In connection with this opinion (this “Opinion”), we have examined originals or copies (in each case signed, certified or otherwise proven to our satisfaction to be genuine) of: (i) the Registration Statement and the related Prospectus and Prospectus Supplement; (ii) the Company’s Third Amended and Restated Certificate of Incorporation (as amended to date); (iii) the Company’s Amended and Restated Bylaws as currently in effect; (iv) the Underwriting Agreement, dated July 6, 2017, by and between the Company and Cantor Fitzgerald & Co., as underwriter (the “Underwriting Agreement”); (v) the form of Warrant; (vi) minutes evidencing corporate action of the Company authorizing the issuance and sale of the Shares; and (vii) a certificate of an officer of the Company as to matters of fact material to this Opinion.
In our examination, we have assumed the genuineness of all signatures, the authenticity of all documents submitted to us as original documents, and the conformity to original documents of all documents submitted to us as copies, the legal capacity of natural persons who are signatories to the documents examined by us and the legal power and authority of all persons signing on behalf of parties (other than the Company) to all documents.
We have further assumed that the Securities will be issued and sold in the manner stated in the Registration Statement and the related Prospectus and Prospectus Supplement, and in compliance
with the applicable provisions of the Act and the rules and regulations of the Commission thereunder and the securities or blue sky laws of various states and the terms and conditions of the Underwriting Agreement.
Our opinions set forth herein are based solely upon the laws of the State of New York and the General Corporation Law of the State of Delaware as in effect on the date hereof, and we express no opinion with respect to any other laws, rules or regulations (including, without limitation, the application of the securities or “Blue Sky” laws of any state to the offer and/or sale of the Securities).
Based upon and subject to the foregoing, we are of the opinion that, as of the date hereof, (i) the Shares have been duly authorized for issuance by the Company and, when the Shares have been duly registered on the books of the transfer agent and registrar in the name and on behalf of the purchasers and have been issued by the Company and delivered against payment therefor in accordance with the terms of the Underwriting Agreement, the Shares will be validly issued, fully paid and non-assessable, (ii) the Warrants have been duly authorized by the Company and, when the Warrants have been duly registered on the books of the warrant agent and registrar in the name and on behalf of the purchase and have been issued by the Company and delivered against payment therefor in accordance with the terms of the Underwriting Agreement, the Warrants will be legally valid and binding obligations of the Company and (iii) the shares of Common Stock issuable upon exercise of the Warrants (the “Warrant Shares”) have been duly authorized for issuance by the Company and, when the Warrant Shares have been duly registered on the books of the transfer agent and registrar in the name and on behalf of the holders and have been issued by the Company and delivered against payment therefor in accordance with the terms of the Warrants, the Warrant Shares will be validly issued, fully paid and non-assessable.

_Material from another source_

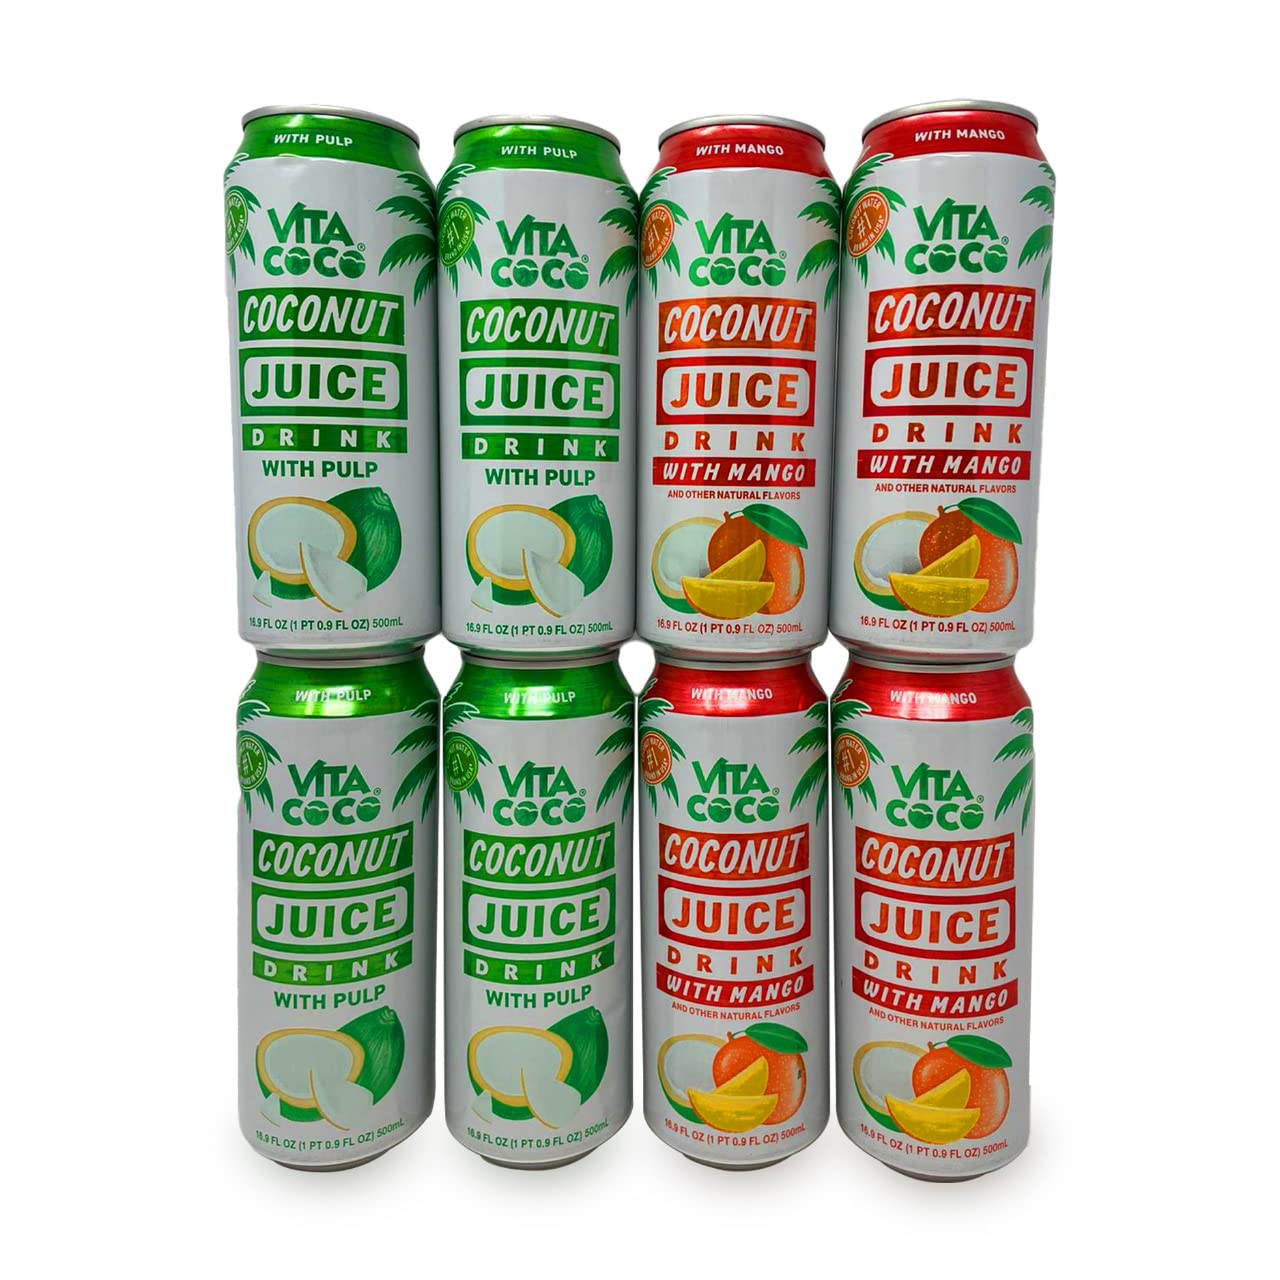 Vita Coco Coconut Juice with Mango & Vita Coco Coconut Juice with Pulp Cans, 16.9oz

We hereby consent to the filing of this Opinion as an exhibit to the Company’s Current Report on Form 8-K filed with the Commission on July 11, 2017 and as an exhibit to any application under the securities or other laws of any state of the United States which relate to the offer and sale of the Shares. We further consent to the use of our name under the heading “Legal Matters” in the Prospectus Supplement related to the Registration Statement. In giving such consent, we do not admit hereby that we come within the category of persons whose consent is required under Section 7 of the Act, or the rules and regulations of the Commission thereunder.

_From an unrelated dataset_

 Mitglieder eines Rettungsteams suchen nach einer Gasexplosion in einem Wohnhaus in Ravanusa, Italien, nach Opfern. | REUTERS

This Opinion is furnished to you in connection with the closing of the offer and sale of the Securities and is not to be used, circulated, quoted or otherwise relied upon for any other purpose, except as expressly provided in the preceding paragraph. This Opinion is furnished as of the date hereof and we disclaim any undertaking to update this Opinion after the date hereof or to advise you of any subsequent changes of the facts stated or assumed herein or of any subsequent changes in applicable law.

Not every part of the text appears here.